STUDY MATERIAL:
______________________________

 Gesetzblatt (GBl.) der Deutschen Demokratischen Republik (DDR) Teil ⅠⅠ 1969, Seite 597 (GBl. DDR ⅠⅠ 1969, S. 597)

______________________________

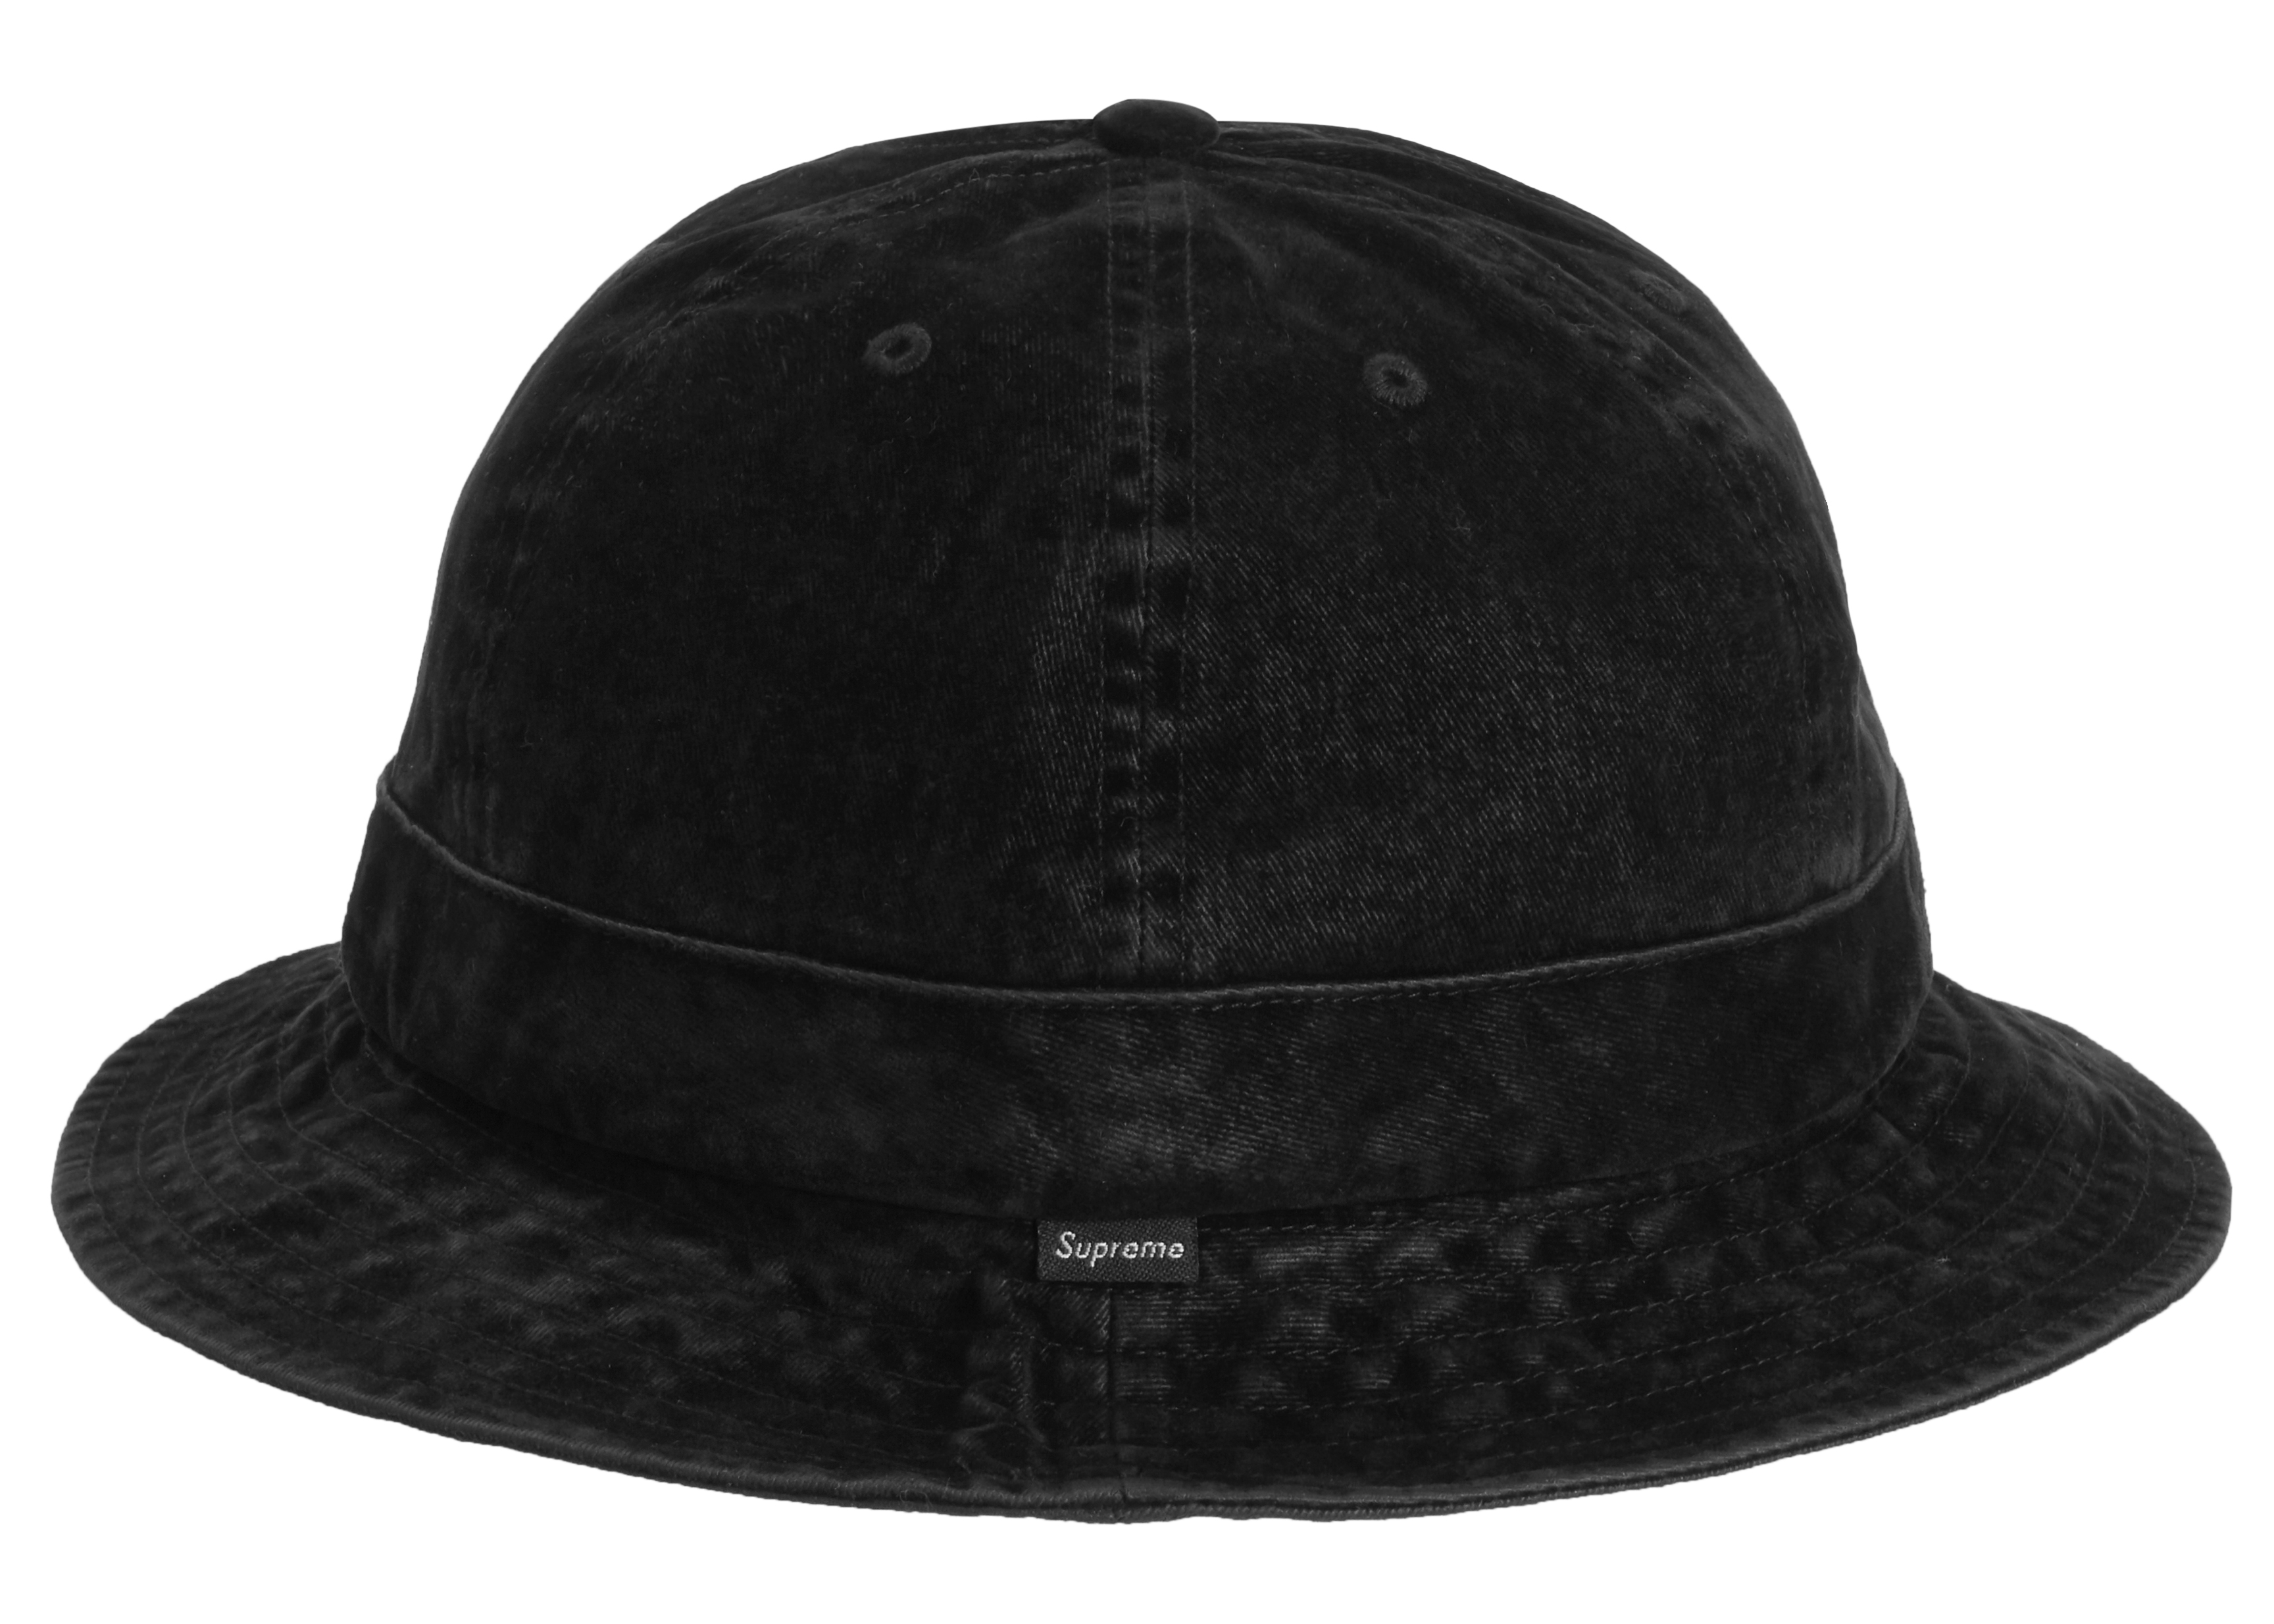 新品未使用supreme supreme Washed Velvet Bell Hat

______________________________

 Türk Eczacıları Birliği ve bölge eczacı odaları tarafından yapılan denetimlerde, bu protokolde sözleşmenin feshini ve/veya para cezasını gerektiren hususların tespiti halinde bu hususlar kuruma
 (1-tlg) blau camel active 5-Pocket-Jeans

______________________________

PROBLEM:
For this exercise, repeat exactly the lines of the data above from the one with "Türk Eczacıları Birliği" down to the one with "(1-tlg) blau camel active 5-Pocket-Jeans", both end lines included.

TASK RESPONSE:
 Türk Eczacıları Birliği ve bölge eczacı odaları tarafından yapılan denetimlerde, bu protokolde sözleşmenin feshini ve/veya para cezasını gerektiren hususların tespiti halinde bu hususlar kuruma
 (1-tlg) blau camel active 5-Pocket-Jeans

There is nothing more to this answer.